Combination of C-reactive protein, procalcitonin and sepsis-related organ failure score for the diagnosis of sepsis in critical patients

Abstract
Objective To measure the ability of a new bioscore to diagnose sepsis in a general critical care population

Methods

The study was done at an intensive care unit (ICU) from April to December 2012. Demographic and clinical patient information were recorded on admission to the ICU with blood samples taken for C-reactive protein (CRP), procalcitonin (PCT), interleukin-6, white blood cell count, as well as body temperature, age and the sepsis-related organ failure (SOFA) score. These parameters were used to create a scoring system. The scoring system then underwent analysis by univariate analysis and multivariate logistic regression analysis to identify which of these clinical parameters were statistically different in septic versus non-septic patients. The bioscore was then tested in a receiver operator characteristic curve to determine statistical significance of the scoring systems ability to predict sepsis. Finally, a bioscore cutoff value was defined to provide a level for sepsis diagnosis

Results

Three hundred patients were enrolled, of which 107 patients were septic and 193 patients were non-septic.

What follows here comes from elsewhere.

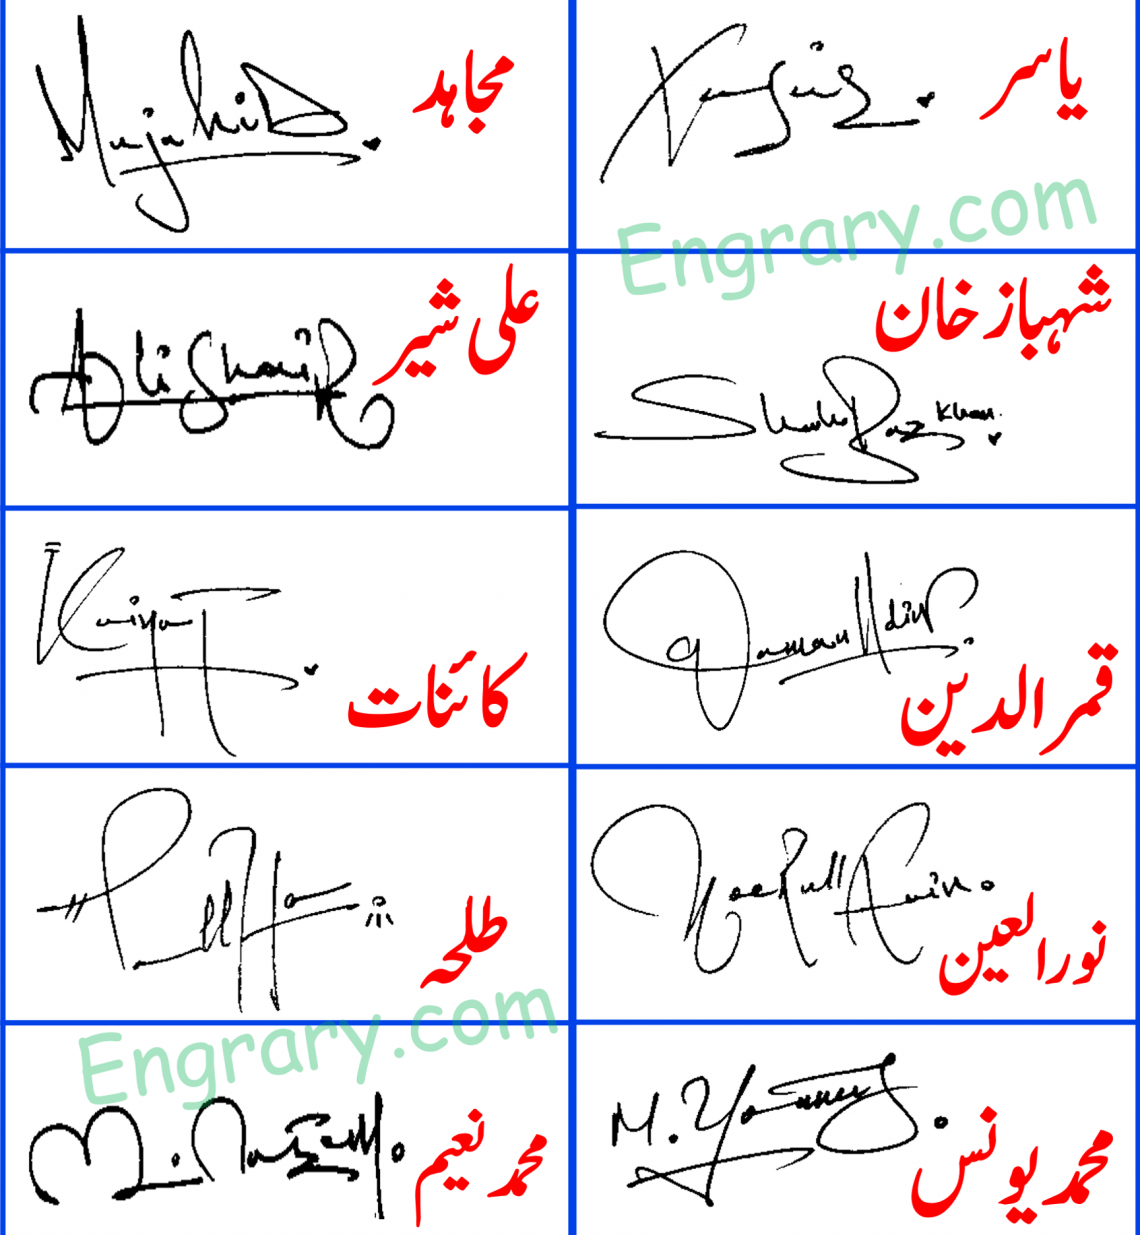 httpshandmade signature

Univariate logistic regression showed that age, gender, CRP, PCT and SOFA were risk factors for occurrence of sepsis. Multivariate analysis revealed CRP (AUC 0.729, 95 % CI 0.671–0.787, P  < 0.001), PCT (AUC 0.711, 95 % CI 0.652–0.770, P  < 0.001) and SOFA (AUC 0.670, 95 % CI 0.607–0.733, P  < 0.001) to be statistically significant. The combination of these values in the bioscore had an AUC of 0.790 (95 % CI 0.739–0.834, P  < 0.001). A bioscore of ≥2.65 was considered to be statistically significant in making a positive diagnosis of sepsis

Conclusions

This bioscore using CRP, PCT and SOFA score may potentially be used in the future to help identify septic patients earlier, improving their access to timely treatment modalities.